Turkish children are losing hope

“What is the biggest problem you face when dealing with children?” I asked my latest interweave, Filiz Ayla, the general director of Mavi Kalem (Blue Pen Association), which is an NGO that works with disadvantaged groups. 

Her answer was chilling. “We face difficulty in attracting and keeping children in our work. Children in specific age groups have started to lose hope. We have to create an atmosphere where they can spend their energy on fields like art and sports, where they can feel hopeful. In the absence of such an atmosphere, children look to their families, look around themselves and their hopes are broken when they cannot find an answer to the question, ‘what can I be in life, what can I do in life?’”

Today is the United Nations Universal Children’s Day. It is a day established to mark children’s rights. While one has to be cautious on jumping to general conclusions, it is important to lend an ear to Ayla, who has nearly 30 years experience in this field.

It is undeniable (and confirmed by U.N. officials) that the Justice and Development Party (AKP) has undertaken important steps to improve the situation of children in the first half of its tenure. Increasing school enrollment, especially among girl children, tops the list. Yet, as in other areas, there is backpedaling in this field as well.

Successive AKP governments have not maintained their progressive reform spirit, which helped shape a strategy designed to reach contemporary standards in terms of children’s rights. They could not avoid keeping ideology out from this field. President Recep Tayyip Erdoğan’s “we will raise religious and pious generations,” has not improved the situation of children.

Unfortunately, the current economic challenges that are expected to worsen in the near future will take their toll on the children.

At this stage, we also need to focus on a subheading that will remain a huge headache in the years to come: Syrian children.

In a region like Balat, a neighborhood that receives a lot of internal migration, hosting disadvantaged communities, talking about a lack of empathy for Syrian refugees might remain an understatement.

“We come across mothers who come and tell us they do not want their children to go to the same class with Syrian children,” said Ayla. Mavi Kalem has been working in Balat since 2002.

According to her, the problems that are created by internal migration are also valid for Syrian refugees.

“There is a tremendous problem of feeling insecure. They leave a society where they have an identity to a society where they have no identity at all. Some are not even registered. They do not know the environment, they are worried. One of the reasons they do not send their girl children is this lack of trust,” she said.

Child labor has become a common phenomenon, as parents cannot get employment, while girl children take on housework and the responsibility of looking after their siblings when parents are at work.
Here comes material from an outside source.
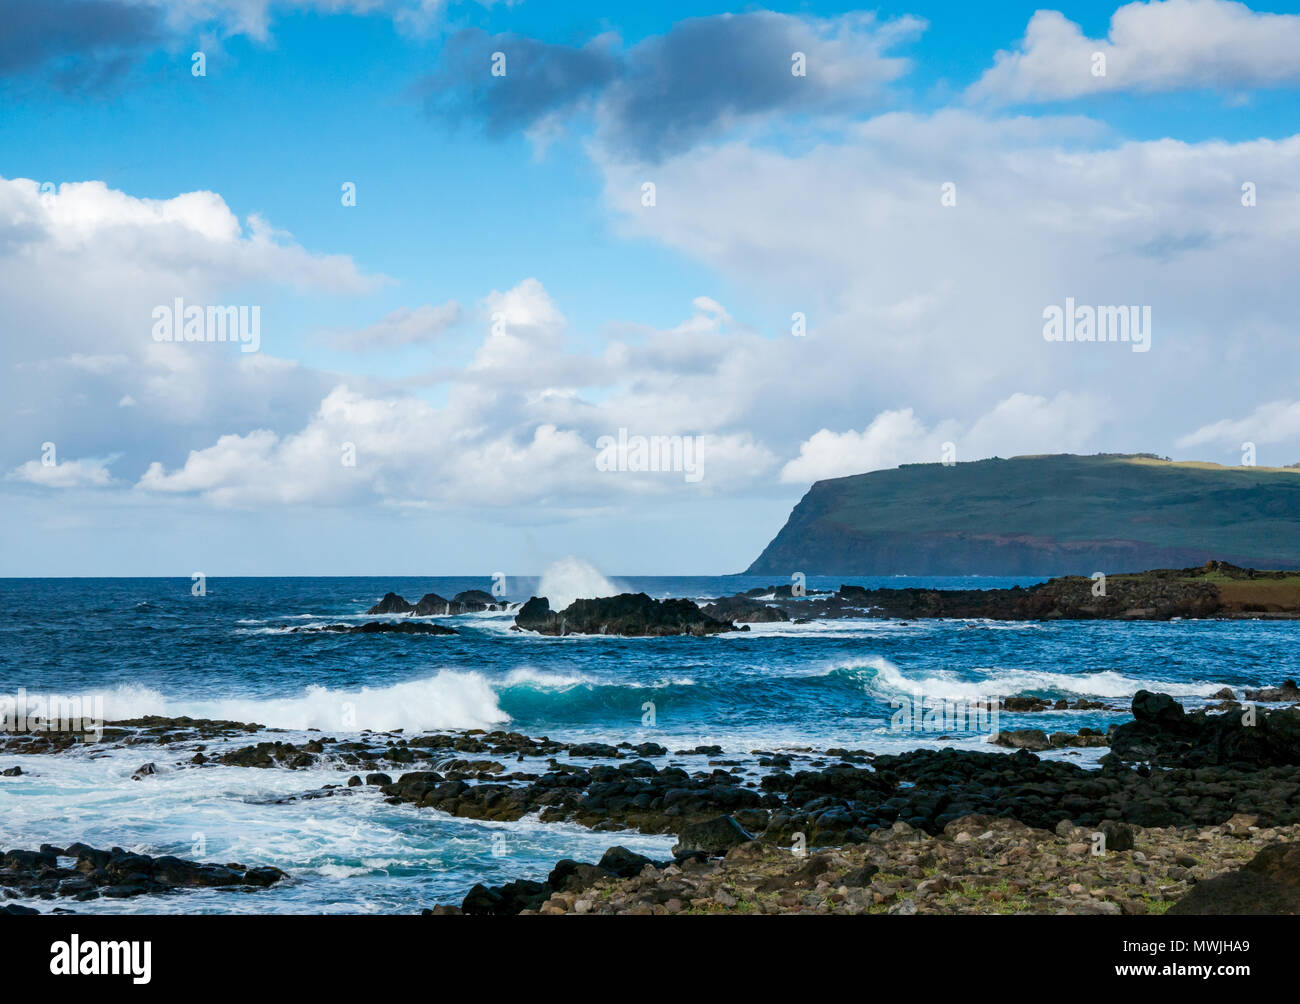 Olas rompiendo en la orilla rocosa, la costa sur de la Isla de Pascua, Rapa Nui, Chile, con vista del volcán extinto Rano Kau Foto de stock

Early marriage is also frequently witnessed among Syrian refugee communities. As a result of all of this, Syrian children risk remain outside of the educational system.

In addition to these concrete problems, Syrian children face hostility from host communities. It is striking sometimes to observe this lack of empathy when you recall that the host communities are also made up of internal migrants who have suffered the same hardships.

“People are influenced by the rhetoric in the society,” said the association’s general director, while trying to explain the reaction to Syrians.

“But there is no hostile rhetoric on political levels or in the press either,” I said.

“But it exits in society and it is very widespread. There is a prejudice that Syrians are benefiting from a lot of means, that the state is spending a lot of money on them, that their children can go to universities without paying for fees. Not one of these are true but a serious reaction builds from their own poverty,” she said.

It is a widely known fact that in times of economic dire straits, migrant communities become a greater target.

Whatever problems Turkish children will face in the difficult days ahead, Syrian children will suffer from them on a larger scale.